Complete hormonal assays that consisted of follicle-stimulating hormone, luteinizing hormone, thyroid-stimulating hormone, prolactin, progesterone, 17-β-estradiol, 17-OH-progesterone, testosterone, androstenedione, dehydroepiandrosterone sulfate, and sex-hormone binding globulin were evaluated as previously reported. The homeostasis model of assessment (fasting glucose [millimoles per liter] × fasting insulin (microunits per milliliter) 22.5], the fasting glucose-to-insulin ratio (milligrams per 10 –4 units), and the free androgen index (testosterone [nanomoles per liter]/sex-hormone binding globulin × 100]) were calculated in each subject.


The subjects were allocated randomly into 2 treatment arms of 25 patients each (groups A and B). The randomization was achieved with online software ( www.randomization.it ) to generate a random allocation sequence in single block as the method of restriction. The random allocation sequence was concealed in sealed dark envelopes until the interventions were assigned.


Group A underwent LOD followed by 6 cycles of observation; group B received CC plus metformin for 6 cycles.


LOD procedures were performed by experienced operators. Briefly, according to ovary size, 3-6 punctures of approximately 3 mm diameter and approximately 4-5 mm in depth were performed on each ovary by insertion of an insulated needle cautery of 36 mm as perpendicularly as possible to the ovarian surface with a cutting current of 100-W power. Then, the needle was activated for 2-3 seconds on each point with a coagulating current of 40-W power. At completion of the procedure, the ovarian surface was washed with a crystalloid solution, and all injured areas were covered completely with hyaluronic acid gel to avoid ovarian adhesion formation. Based on clinical conditions, patients were discharged either the same day of the surgical procedure or postoperative day 1.


CC was administered with a classic incremental regimen that was similar to those used in the prestudy phase (detailed earlier).


Metformin was started from day 1 of a progesterone-induced withdrawal bleeding with a dose of 850 mg (1 tablet daily), and the dosage was increased after 1 week up to 1700 mg/day (2 tablets daily). Metformin was taken before lunch during the first week and thereafter before lunch and dinner. All subjects who became pregnant throughout the study suspended metformin.


In this study, no drugs to trigger ovulation were used. All subjects, in the absence of spontaneous withdrawal bleeding after 35 days from last progesterone-induced uterine bleeding and after exclusion of a pregnancy with a serum β-human chorionic gonadotropin assay, received a further dose of 100 mg natural progesterone intramuscularly.


Throughout the study, all subjects were advised not to diet or modify physical activity; to the contrary, they were instructed to follow their usual diet and physical activity.


Follicle growth was not monitored. However, each patient was motivated and instructed to have sexual intercourse regularly.

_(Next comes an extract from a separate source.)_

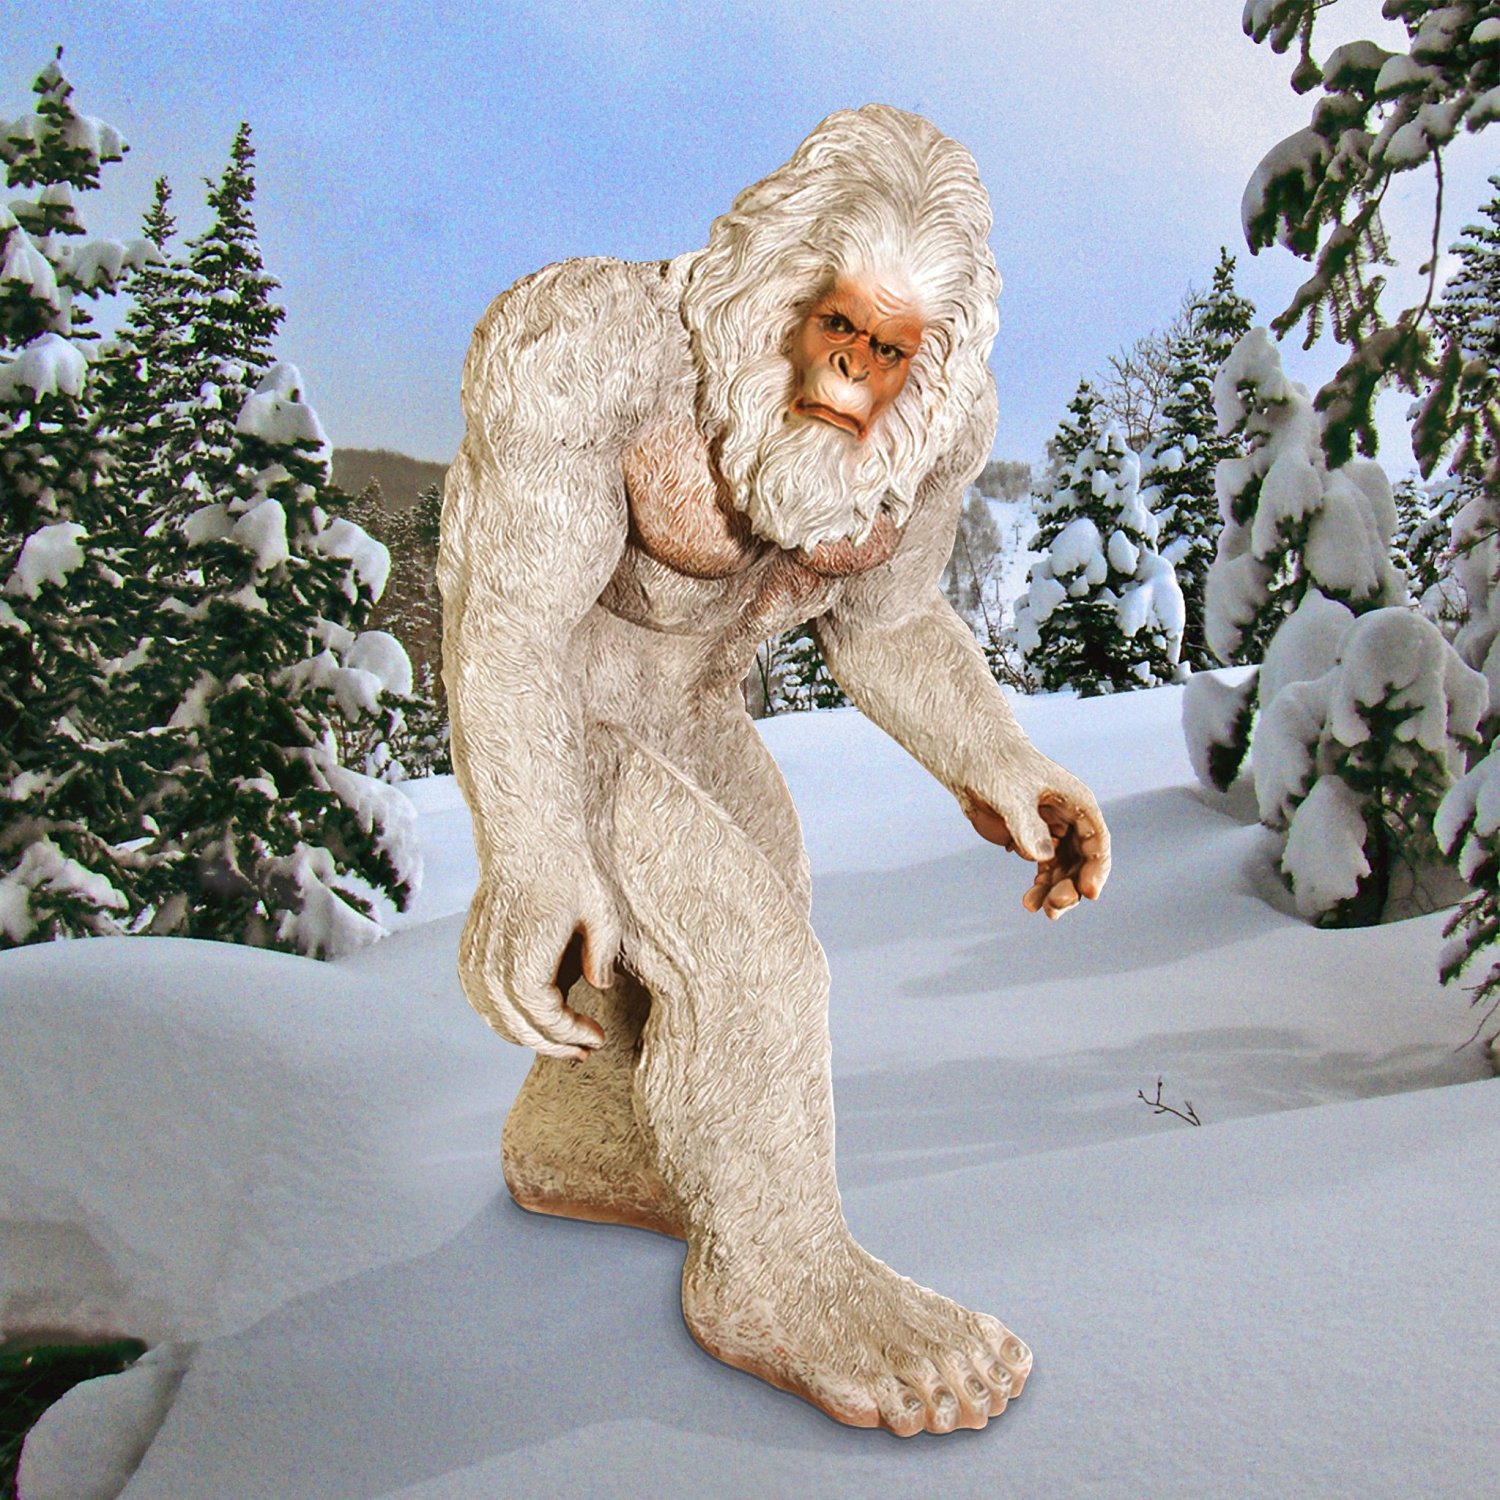 Что делает снежный человек. Йети снежный. Yeti снежный человек. Йети Алтайский. Йети бигфут сасквоч Леший.

Specifically, it was suggested to have intercourse at least 4 times per cycle (intercourse once every 3 days) starting on day 9 after the progesterone-induced or spontaneous uterine bleedings.


The duration of the study was 15 months for each patient. All women were observed for 6 months. Those who conceived were observed until the end of the pregnancy (for up to further 9 months) to obtain live-birth data for each treatment arm.


Reproductive outcomes


During the study, all reproductive events were recorded for each patient. At the end of the study, spontaneous cycle, pregnancy and live-birth rates per cycle, cumulative pregnancy, multiple pregnancy, miscarriage, and live-birth rates were calculated in each treatment group.

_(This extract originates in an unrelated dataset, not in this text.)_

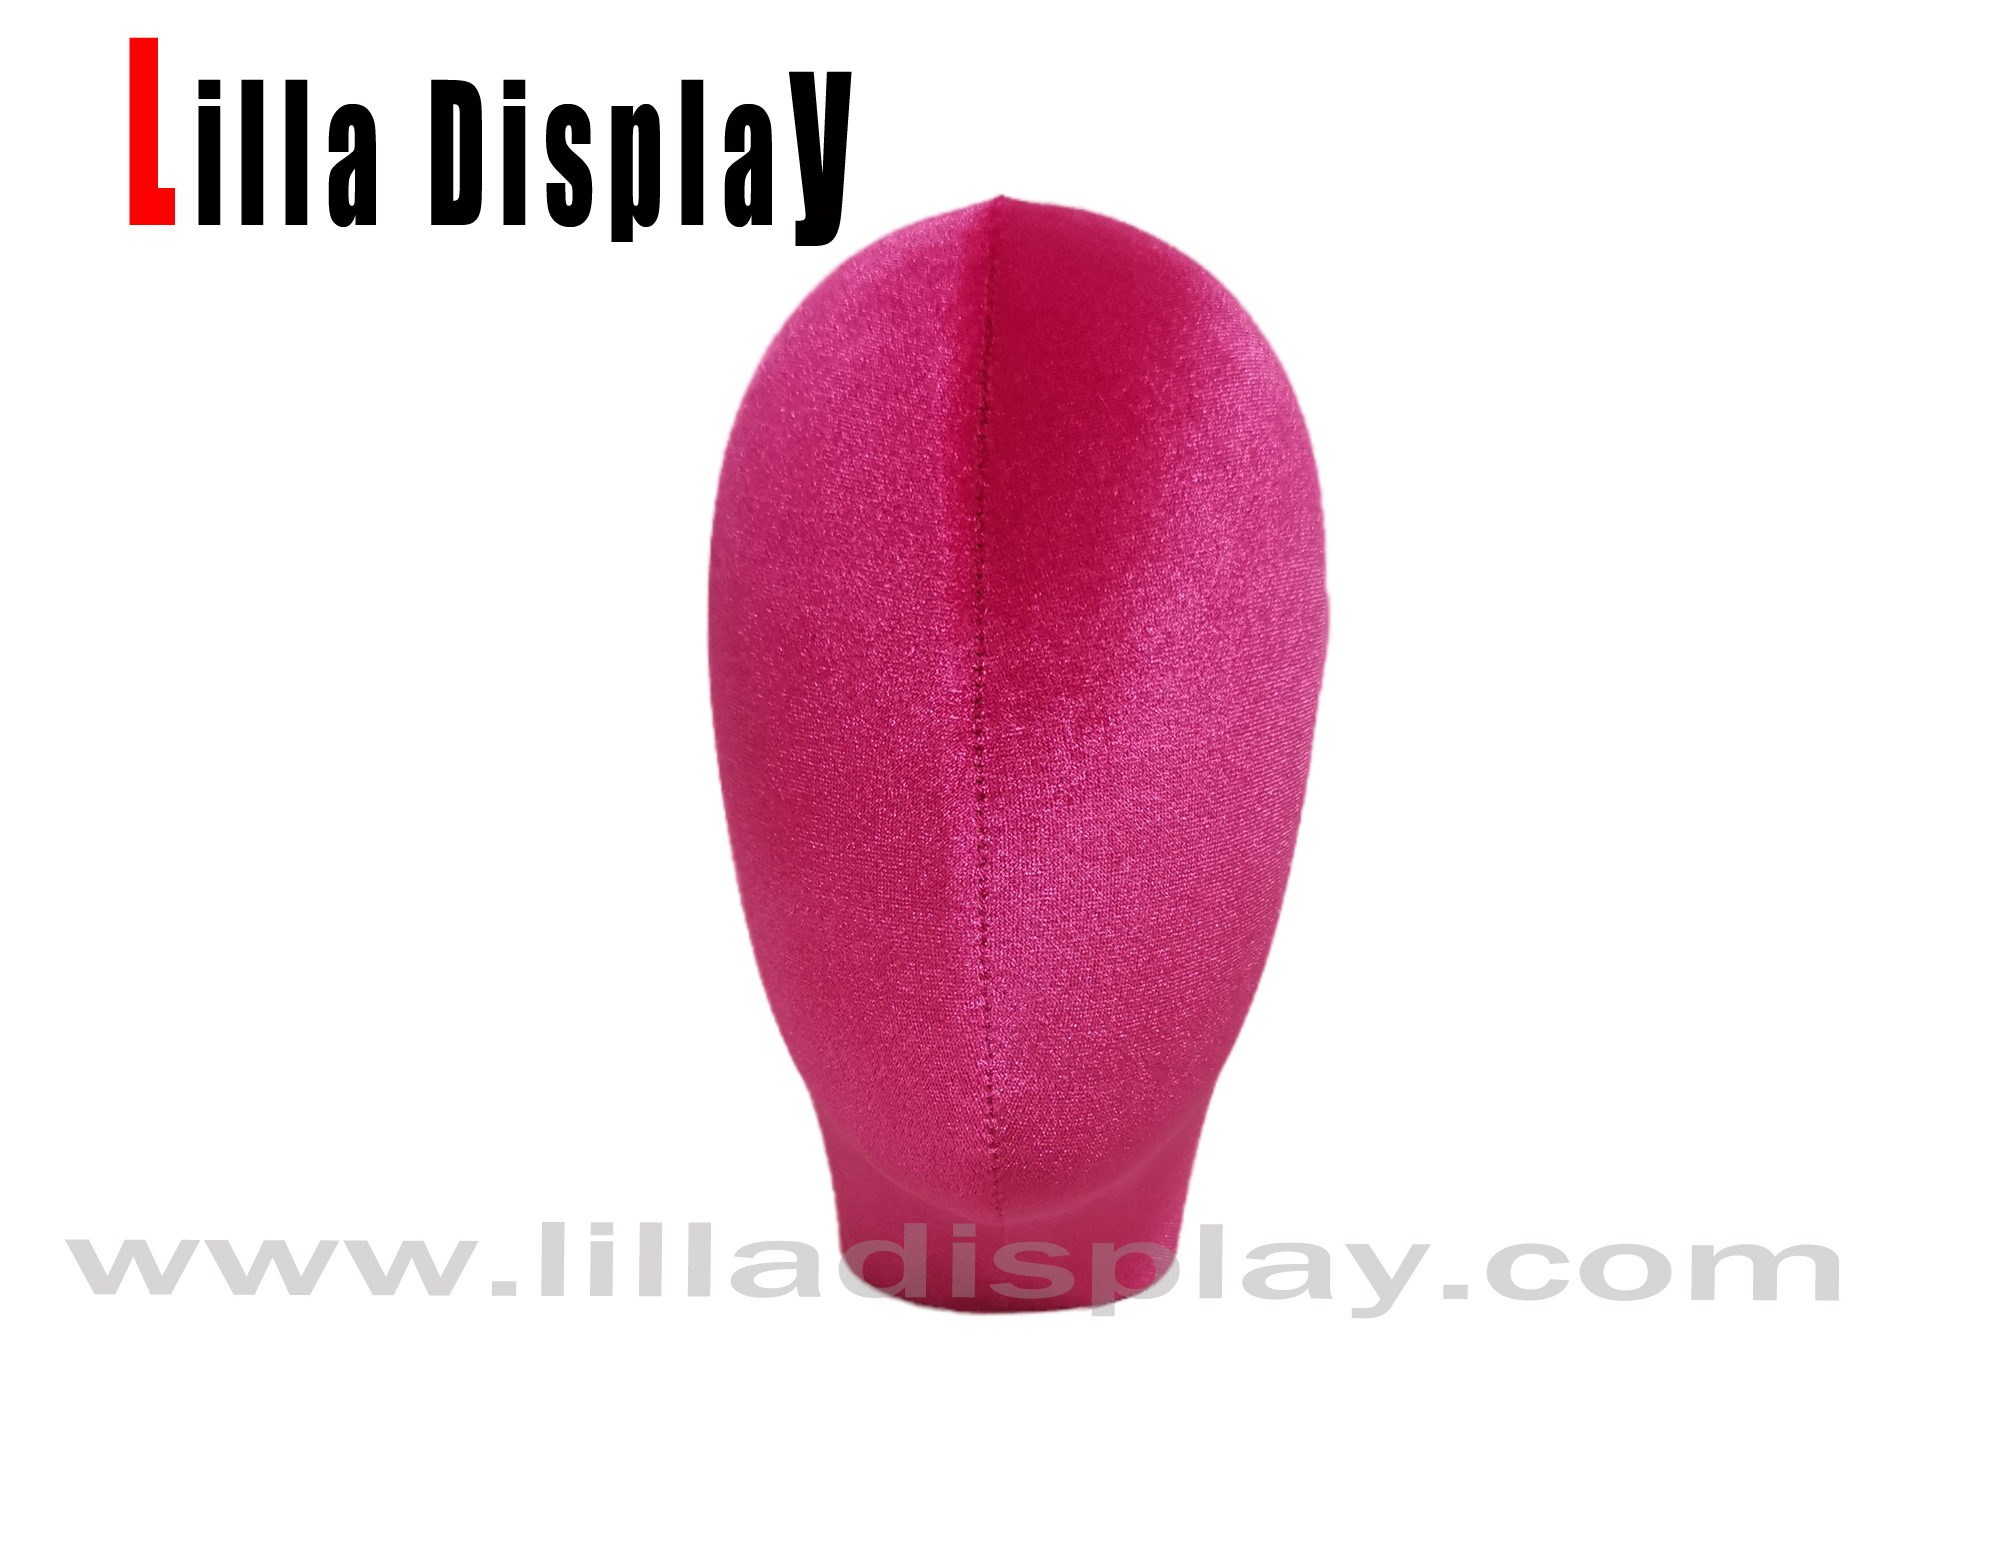 Pinkes Liliendisplay 38 usd weiblicher schaufensterpuppenkopf lucy für turban-display

The ovulation was assessed by plasma progesterone assay (>10 ng/mL [SI: 32 nmol/L]) that was performed 21 days after spontaneous or progesterone-induced bleeding (7 days before the expected menses); rising β-human chorionic gonadotropin and sonographic evidence of intrauterine gestational sac were considered to be criteria to define pregnancy.


The ovulation, pregnancy, and live-birth rates per cycle were calculated as the percentage of ovulatory cycles, pregnancies, and live-births per total observed cycles, respectively.

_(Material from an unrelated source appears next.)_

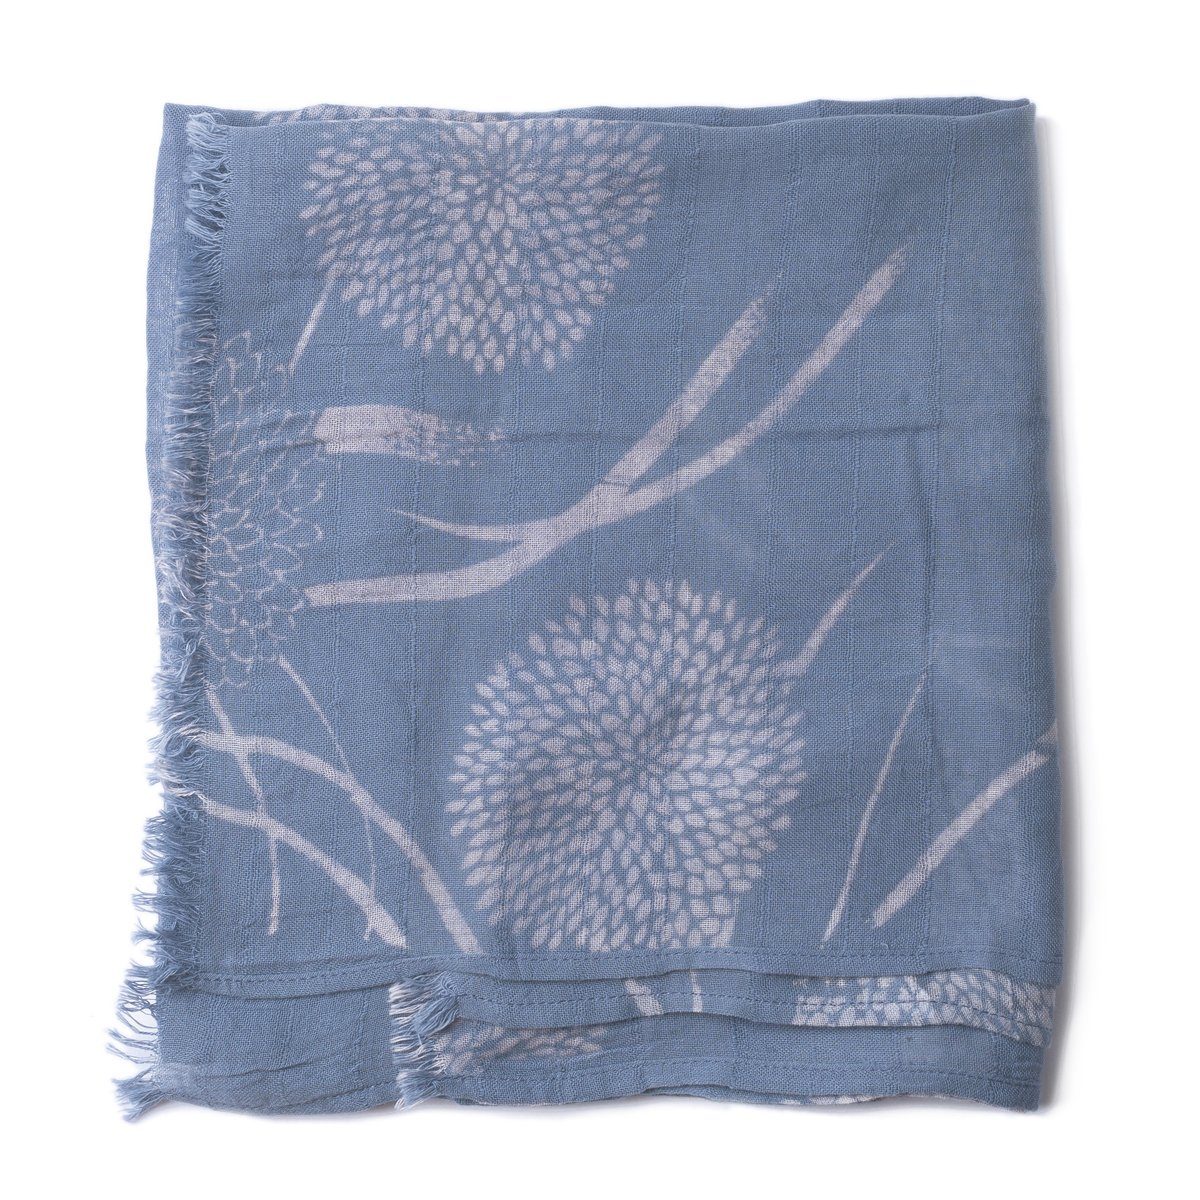 PANASIAM Halstuch elegantes Schaltuch auch als Schultertuch Schal oder Stola tragbar, in schönen farbigen Designs mit kleinen Fransen aus Baumwolle blau chrysantheme

Cumulative pregnancy and live-birth rates were defined as percentage of pregnant patients and patients who had a live baby, respectively, per total patients. The cumulative pregnancy and live-birth rates were also calculated according to time to the first event.


Multiple pregnancy rate was defined as the percentage of patients with a multiple pregnancy per pregnant patients. Miscarriage rate was defined as the percentage of miscarriages during the first 12 weeks of gestation per total pregnancies.


Other outcomes


During the study, the adverse events and patient compliance were noted for each subject. In particular, patients were instructed to report on a daily diary the onset of any adverse event and to specify the severity, duration, and a possible cause-effect relationship with treatment that had been received. To evaluate compliance with the treatment and with the protocol, the number of tablets forgotten, the changes in diet, physical activity, and weight, and the timing of the intercourse were also recorded in the same personal diary.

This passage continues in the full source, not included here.